Foley grew up in Portland and played multiple sports. After high school, he joined the U.S. Army before eventually attending the University of Maine, from where he graduated in 1963. Then he moved to Boston, where he worked for various oil companies. He became involved with a group of friends who knew Bill Rodgers, the iconic distance runner. “That’s when I began to run every day,” said Foley.

After he moved back to Maine, he would see race founder Joan Benoit Samuelson running along the roads – “Sometimes we’d run together, but only for a very short while,” said Foley – and when she started this race, he knew he had to be part of it.

“When it first started, I went over the day before and signed up at Cape Elizabeth (High School) and there was no problem whatsoever,” he said. “Now? You can’t do that.  This thing has blossomed. It’s totally amazing what has happened. You’re at the starting line and you look up and see all the people ahead of you, then you look back and see all the people behind you.”

His best time, he said, was a sub-60:00 race in one of the early years. Last year, he ran it in 1:47:45, finishing 6,383rd of 6,417 runners. That time lopped 1:13 off his 2018 time.

He got his granddaughter involved in running at a young age. The two have run the Beach to Beacon together at least 10 times.

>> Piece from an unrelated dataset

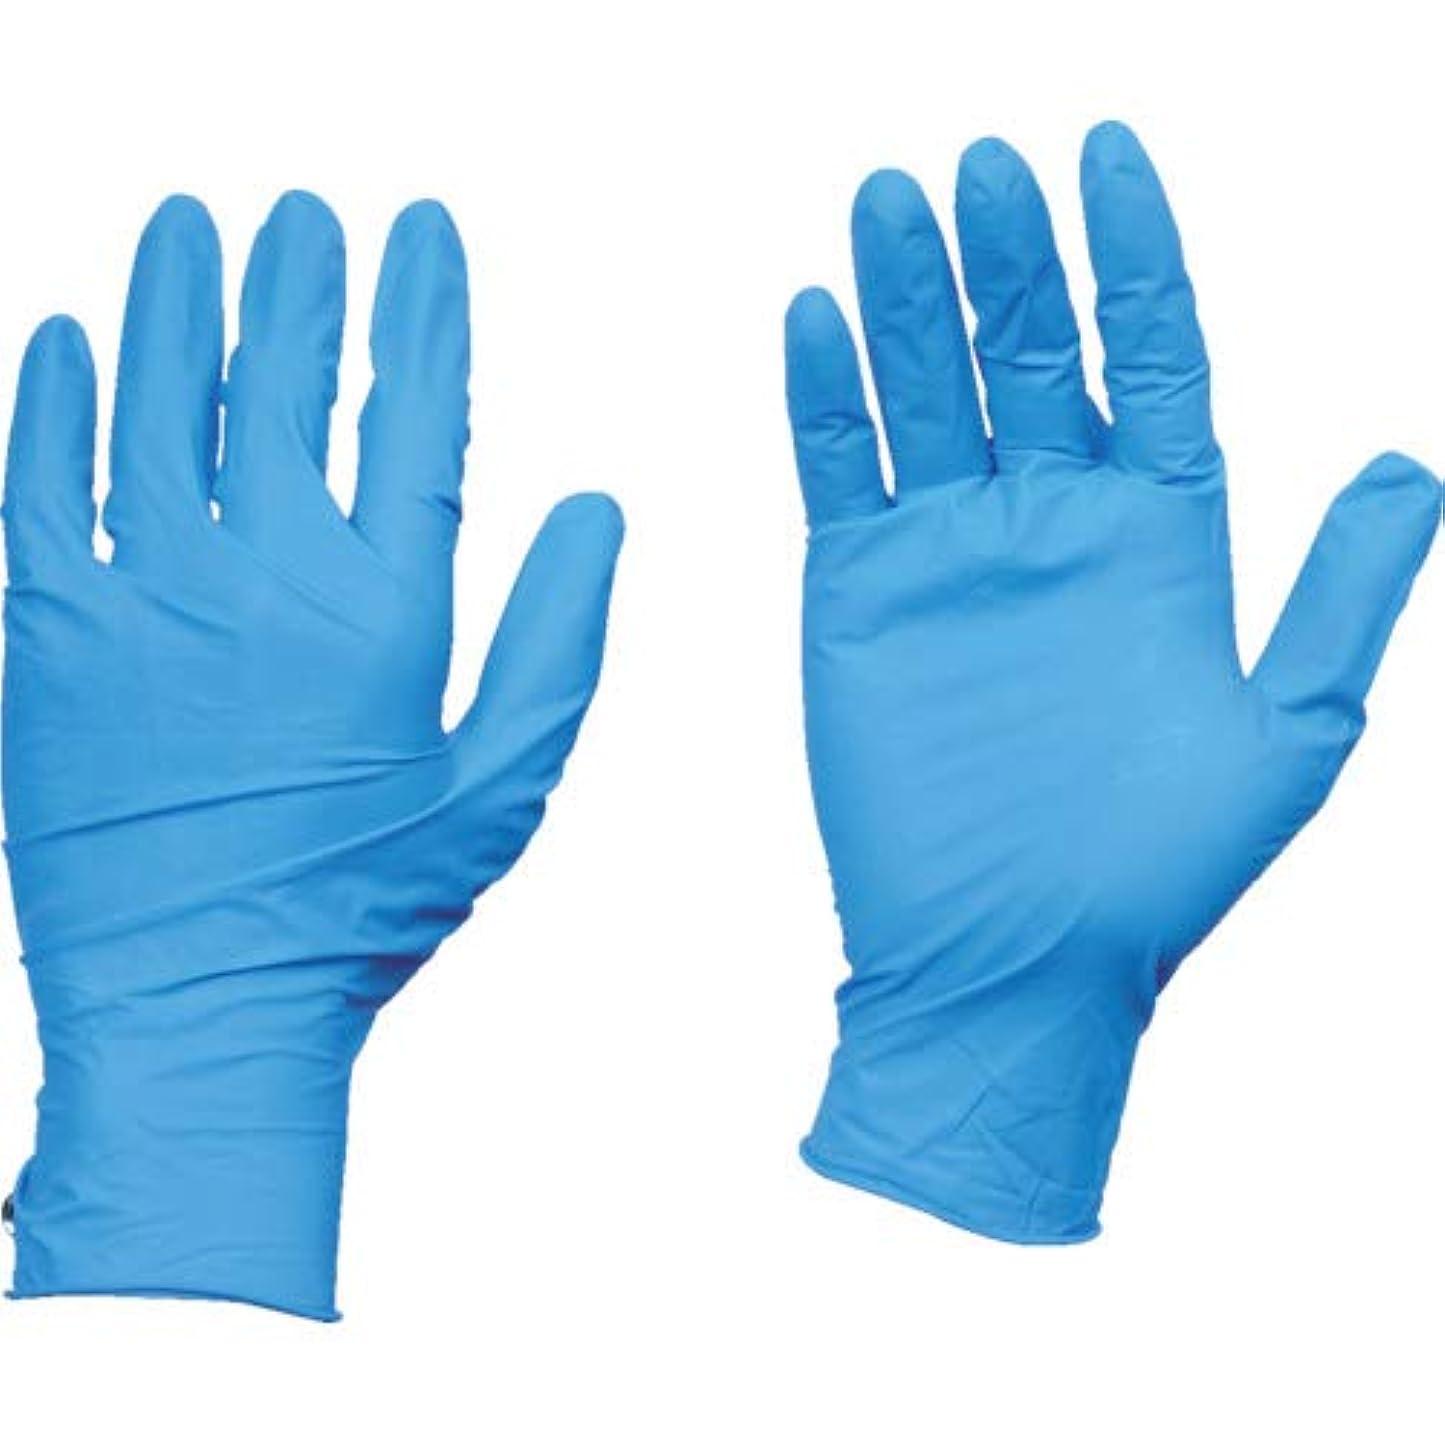 良さ幼児非難TRUSCO(トラスコ) 10箱入り 使い捨て天然ゴム手袋TGワーク 0.10 粉付青M TGPL10BM10C

“It’s our summer tradition,” said Rankin, 36, who lives in Chelsea, Massachusetts. “It’s like a holiday for our family. He really is in love with this race. I remember when I was little, he was always so excited for it. He’s always admired Joan. So he ran it every year, and as soon as I was old enough to run with him, I joined him.”

She said the first couple of miles of the race, before the sun gets too high in the sky, are perfect. “Then, boom,” she said. “It gets hard. We always joke that the worst part of the race is the last hill before the finish line.”

“Yes,” said Foley. “We bypassed that today.”

They have their race-day rituals, which includes going out for a hot dog at the Cumberland Farms in Cape Elizabeth after the race is over. “My grandfather says the sodium is good for him after we race,” said Rankin, with a chuckle.

Even Friday, the two planned on picking up a couple of hot dogs.

Rankin marvels at her grandfather’s stamina and perseverance.

“It’s amazing,” she said. “I brag about him to everyone. He’s more than twice my age and he still runs four, five times a week. He’s a pretty impressive guy.”